The IBMA has been hosting its weeklong World of Bluegrass convention, awards and festival in Louisville since 1997, having moved from its original site in Owensboro, Ky. Next year, the event moves to the spot one assumes the IBMA always had its collective eye on, Nashville. Knowing that this was the final year in Louisville made it easy to appreciate the cozy, if crowded, feel of what is now the IBMA’s past.


The awards ceremony, held in the adjacent Kentucky Center, is all about dressing up and formally honoring the year's best work and the artists who deliver it, while Fan Fest, the weekend-long indoor festival, is all about informally doing the same. The main stage runs from late morning until late night, and Friday alone featured sets by award winners of various major categories: J.D. Crowe, the Del McCoury Band, Larry Sparks and the Lonesome Ramblers, Blue Highway, Doyle Lawson and Quicksilver, and the band that won the emerging artist prize — King Wilkie.


After late-night jamming in open hotel suites, Fan Fest resumed Saturday morning with a main stage set by the five-time reigning female vocalist, Rhonda Vincent and her band, the Rage. How they put out such energy in the morning would have been more of a mystery had the crowd not been whipped up to the same level by show's end.


Later in the day, Cherryholmes, a family sextet of exceptional skill, blazed through a relatively rare Bill Monroe fiddle tune, "Goin' Up Caney," and the Osborne Brothers classic, "Ruby," retaining the character of the originals while adding enough new tweaks to make these versions distinctly their own.


Valerie Smith and her dazzling band, Liberty Pike, also provided several Fan Fest highlights, from swinging jazz to impassioned gospel, with their voices as incisive as their flying fingers.


As in past years, some of the weekend's best action was found at the two Fan Fest side stages. The cannily programmed Roots & Branches Stage honored its name by looking both backward and ahead, with Friday's set of jazzy newgrass by the Creaking Tree String Quartet offering some of the most ambitious music of the weekend.
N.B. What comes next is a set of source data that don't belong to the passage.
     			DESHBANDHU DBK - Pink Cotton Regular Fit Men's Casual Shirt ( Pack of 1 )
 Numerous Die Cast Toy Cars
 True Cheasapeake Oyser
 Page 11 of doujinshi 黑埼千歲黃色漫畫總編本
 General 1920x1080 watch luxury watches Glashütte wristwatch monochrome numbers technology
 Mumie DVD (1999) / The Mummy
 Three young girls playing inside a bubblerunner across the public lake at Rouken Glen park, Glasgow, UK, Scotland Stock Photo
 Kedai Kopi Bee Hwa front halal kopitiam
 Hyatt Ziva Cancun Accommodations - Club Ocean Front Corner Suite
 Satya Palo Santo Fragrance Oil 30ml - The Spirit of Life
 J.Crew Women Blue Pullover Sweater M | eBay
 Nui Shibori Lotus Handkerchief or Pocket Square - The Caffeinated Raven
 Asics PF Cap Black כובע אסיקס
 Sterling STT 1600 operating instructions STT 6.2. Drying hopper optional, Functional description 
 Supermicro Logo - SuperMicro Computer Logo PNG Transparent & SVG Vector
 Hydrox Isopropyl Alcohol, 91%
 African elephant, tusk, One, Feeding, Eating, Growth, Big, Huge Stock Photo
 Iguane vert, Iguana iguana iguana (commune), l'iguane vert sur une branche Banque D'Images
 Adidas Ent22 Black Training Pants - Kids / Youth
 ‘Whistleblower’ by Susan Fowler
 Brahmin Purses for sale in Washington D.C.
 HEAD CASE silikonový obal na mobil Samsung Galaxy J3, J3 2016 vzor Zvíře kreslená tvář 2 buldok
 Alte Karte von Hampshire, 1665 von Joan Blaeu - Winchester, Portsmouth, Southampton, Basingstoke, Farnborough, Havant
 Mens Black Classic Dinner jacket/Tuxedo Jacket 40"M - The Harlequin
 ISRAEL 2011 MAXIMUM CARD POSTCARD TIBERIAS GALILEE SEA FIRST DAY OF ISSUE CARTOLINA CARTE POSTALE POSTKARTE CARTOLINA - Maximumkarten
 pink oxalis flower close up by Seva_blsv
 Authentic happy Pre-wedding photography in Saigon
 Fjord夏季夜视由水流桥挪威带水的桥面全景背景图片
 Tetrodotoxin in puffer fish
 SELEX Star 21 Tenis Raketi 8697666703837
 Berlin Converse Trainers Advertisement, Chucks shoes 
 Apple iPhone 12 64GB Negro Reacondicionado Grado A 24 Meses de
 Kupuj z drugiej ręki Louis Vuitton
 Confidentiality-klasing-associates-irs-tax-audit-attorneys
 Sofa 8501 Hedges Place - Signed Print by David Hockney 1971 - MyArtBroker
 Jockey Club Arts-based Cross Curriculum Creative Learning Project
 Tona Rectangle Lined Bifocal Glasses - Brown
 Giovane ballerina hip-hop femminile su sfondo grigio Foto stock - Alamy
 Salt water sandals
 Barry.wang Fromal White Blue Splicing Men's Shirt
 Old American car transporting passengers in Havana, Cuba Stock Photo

The banjo workshop that took place Saturday on the Masters Workshop Stage included two Chicago-area pickers among the five five-stringers — Greg Cahill and Noam Pikelny — and delighted with an unplanned demonstration of melodic banjo theory by one of the style's originators, Bill Keith, who had been in the audience when a question about melodic banjo technique was asked. It was precisely the kind of experience you’re likely to find only at the IBMA’s World of Bluegrass.